# Task goal
Retype the following data exactly, but leave its pictures out.

# Given material
************
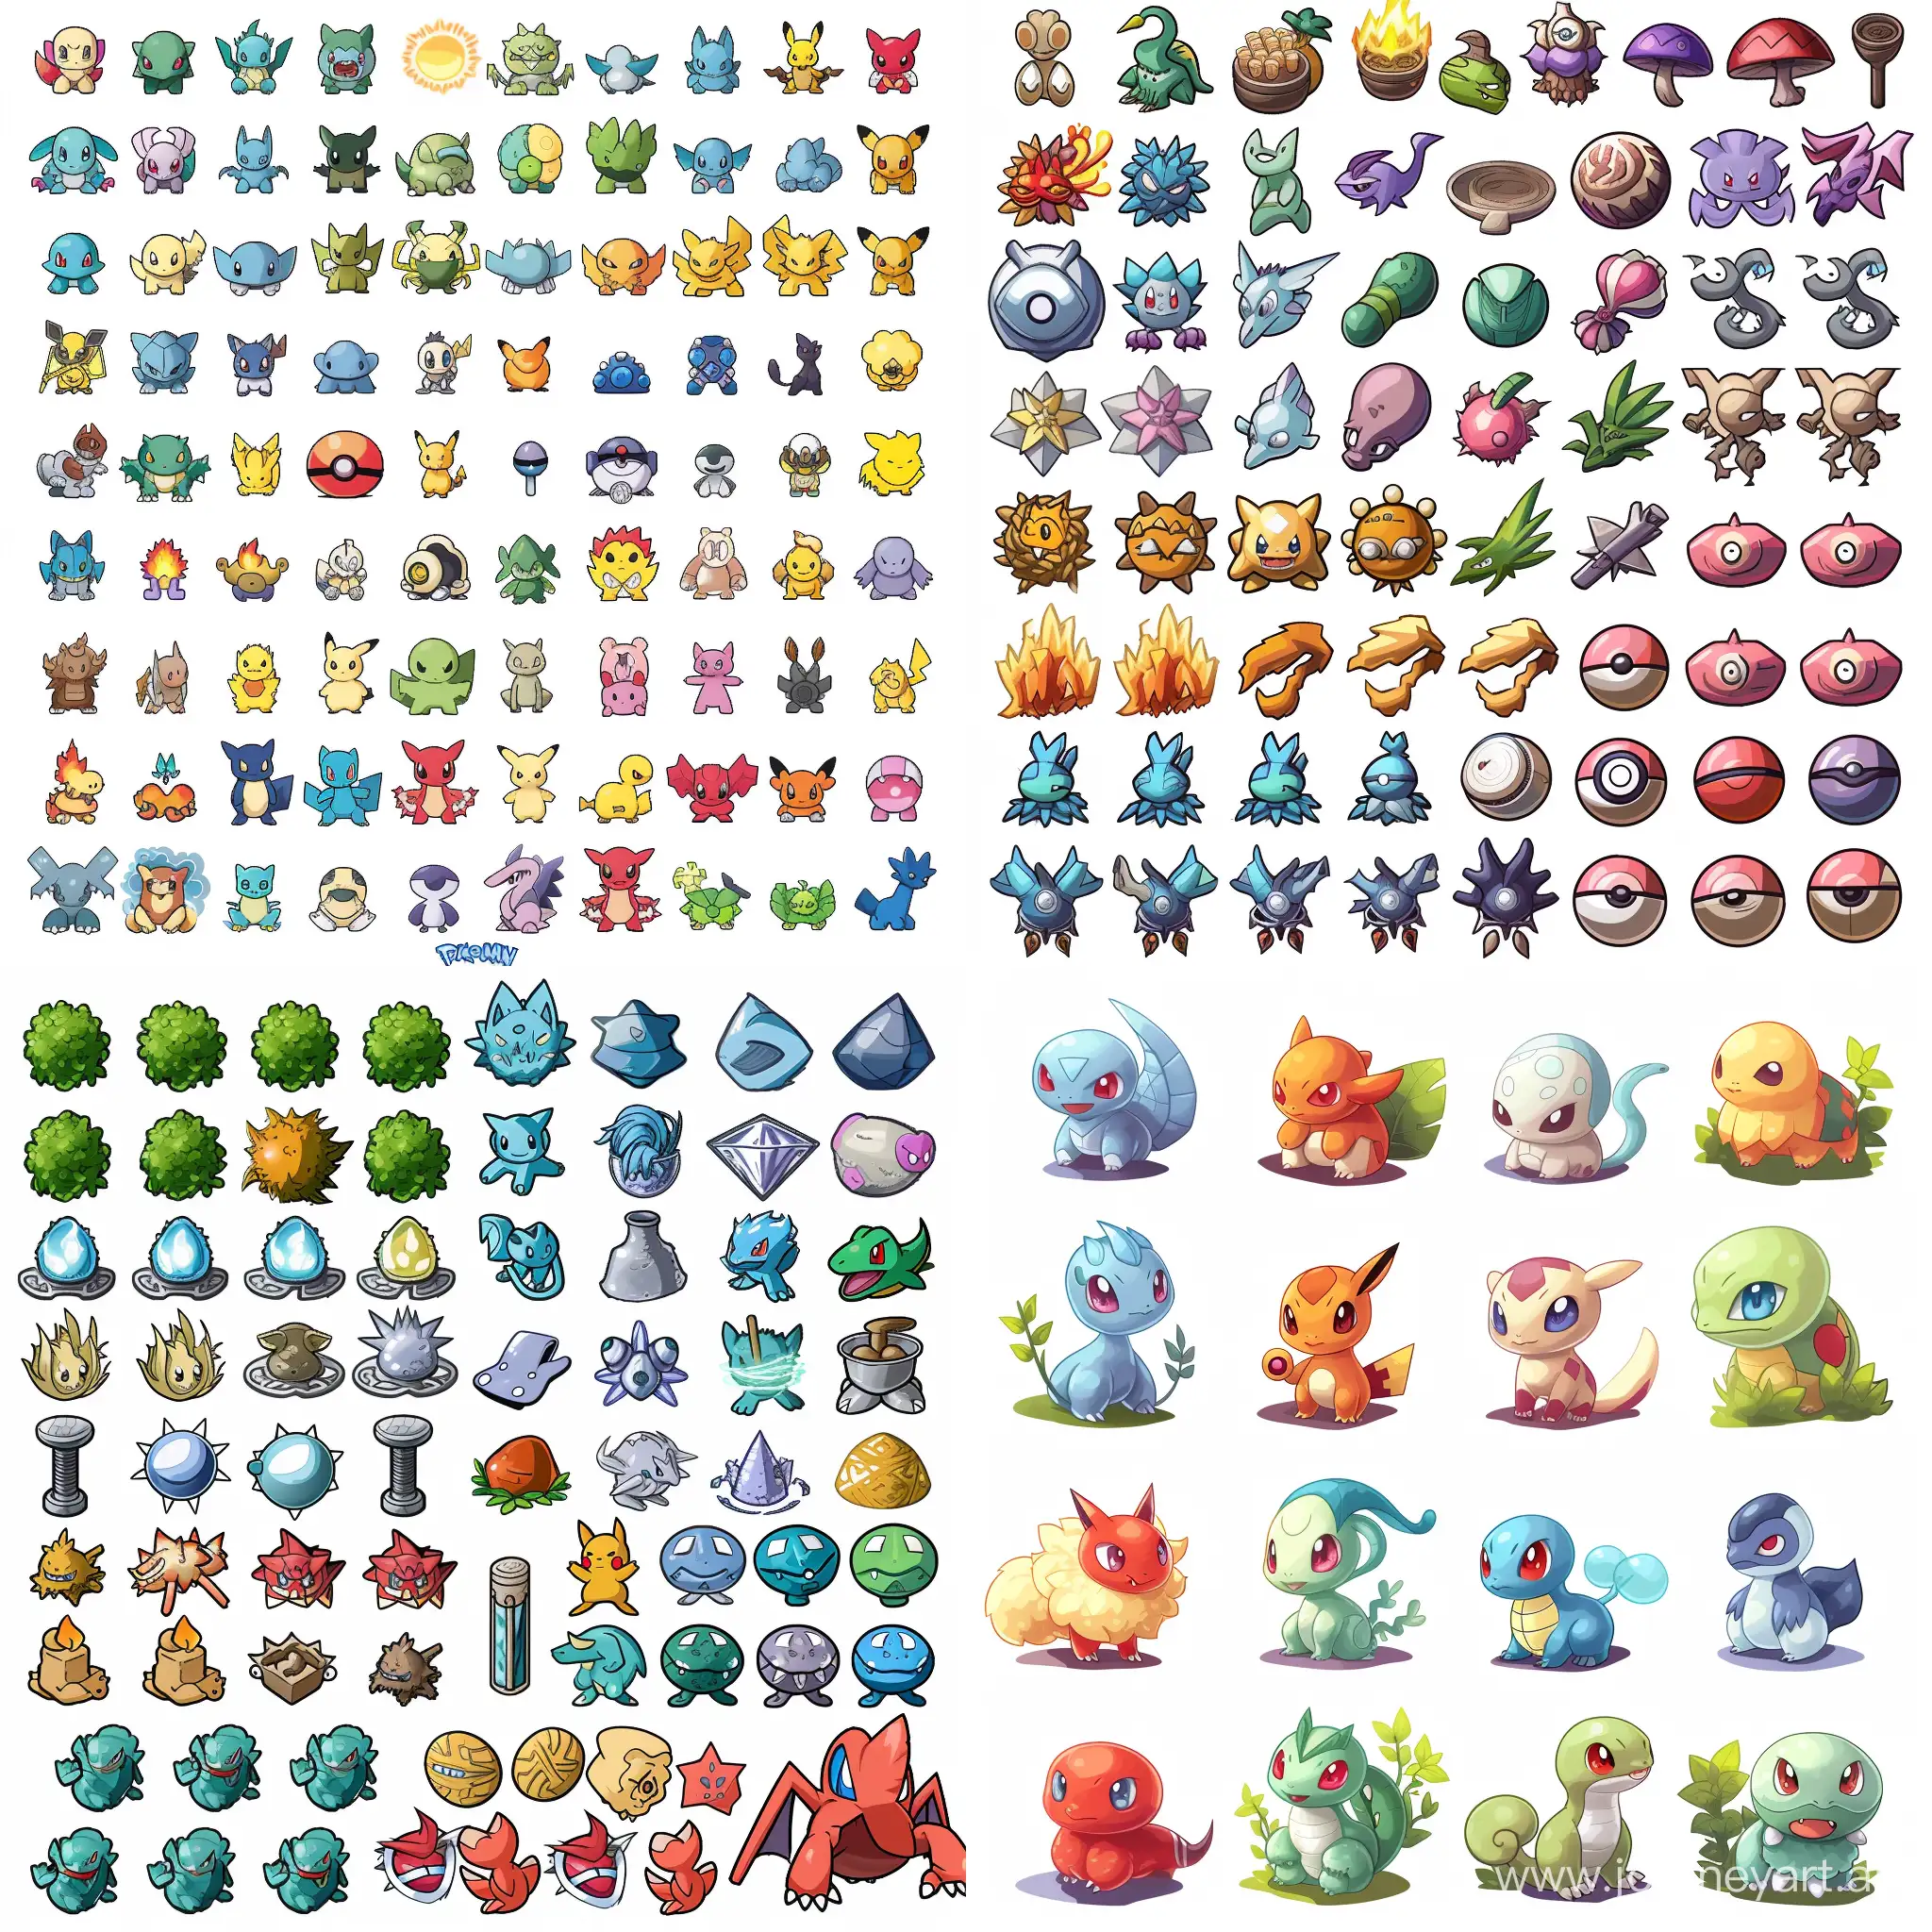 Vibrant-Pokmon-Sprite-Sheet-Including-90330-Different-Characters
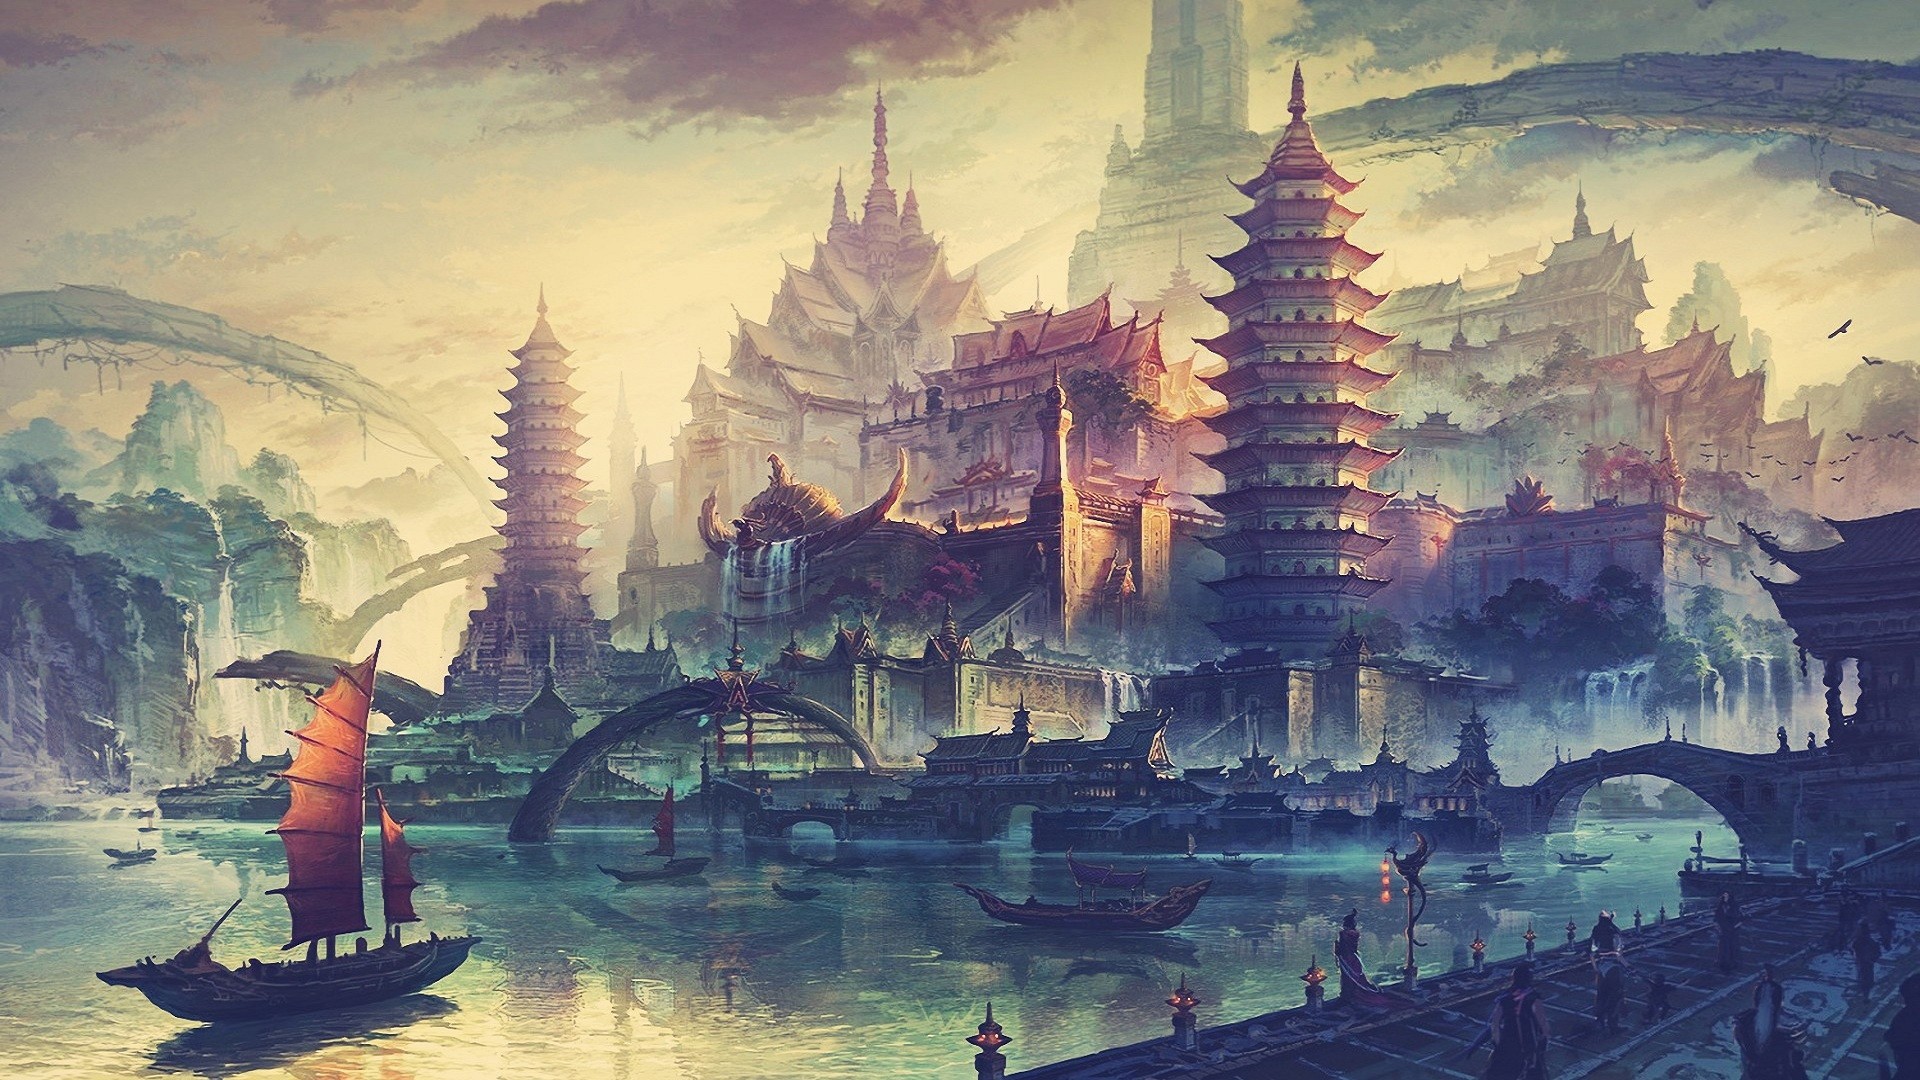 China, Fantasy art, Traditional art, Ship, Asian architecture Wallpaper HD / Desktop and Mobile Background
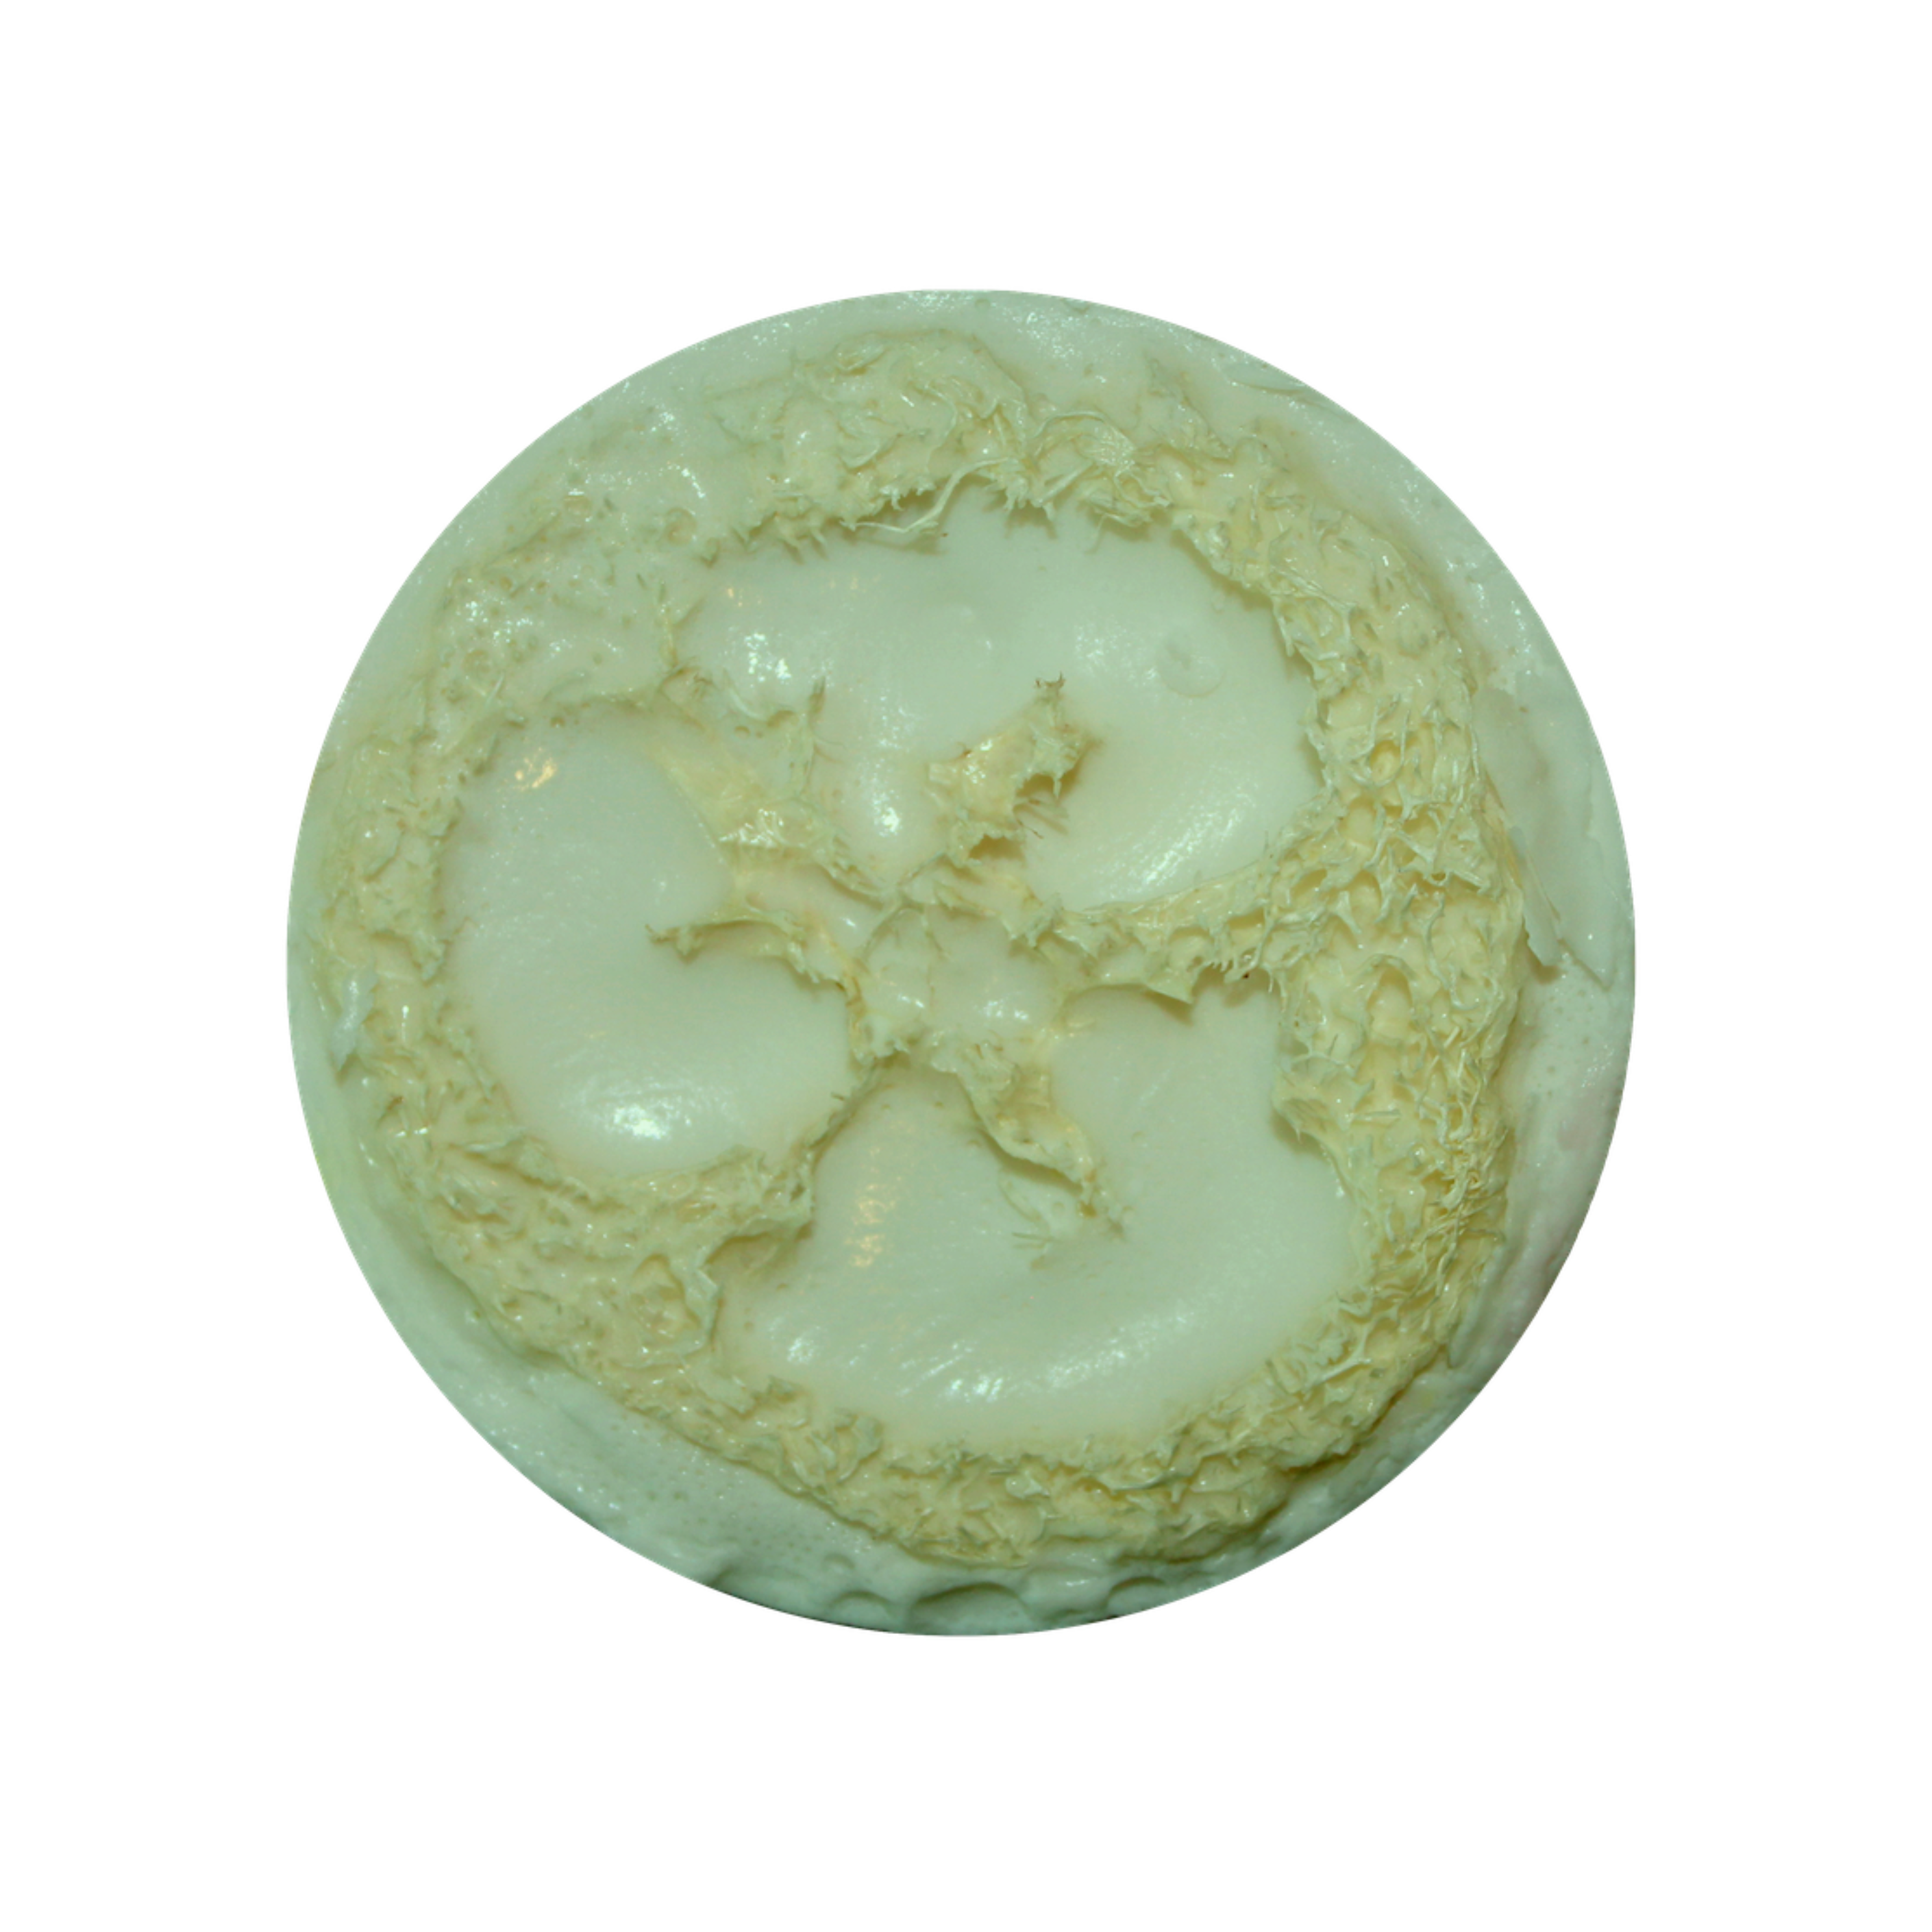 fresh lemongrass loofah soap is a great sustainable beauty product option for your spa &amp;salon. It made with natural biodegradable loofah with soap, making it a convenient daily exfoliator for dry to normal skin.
************
# Your solution
 Vibrant-Pokmon-Sprite-Sheet-Including-90330-Different-Characters
 China, Fantasy art, Traditional art, Ship, Asian architecture Wallpaper HD / Desktop and Mobile Background
 fresh lemongrass loofah soap is a great sustainable beauty product option for your spa &amp;salon. It made with natural biodegradable loofah with soap, making it a convenient daily exfoliator for dry to normal skin.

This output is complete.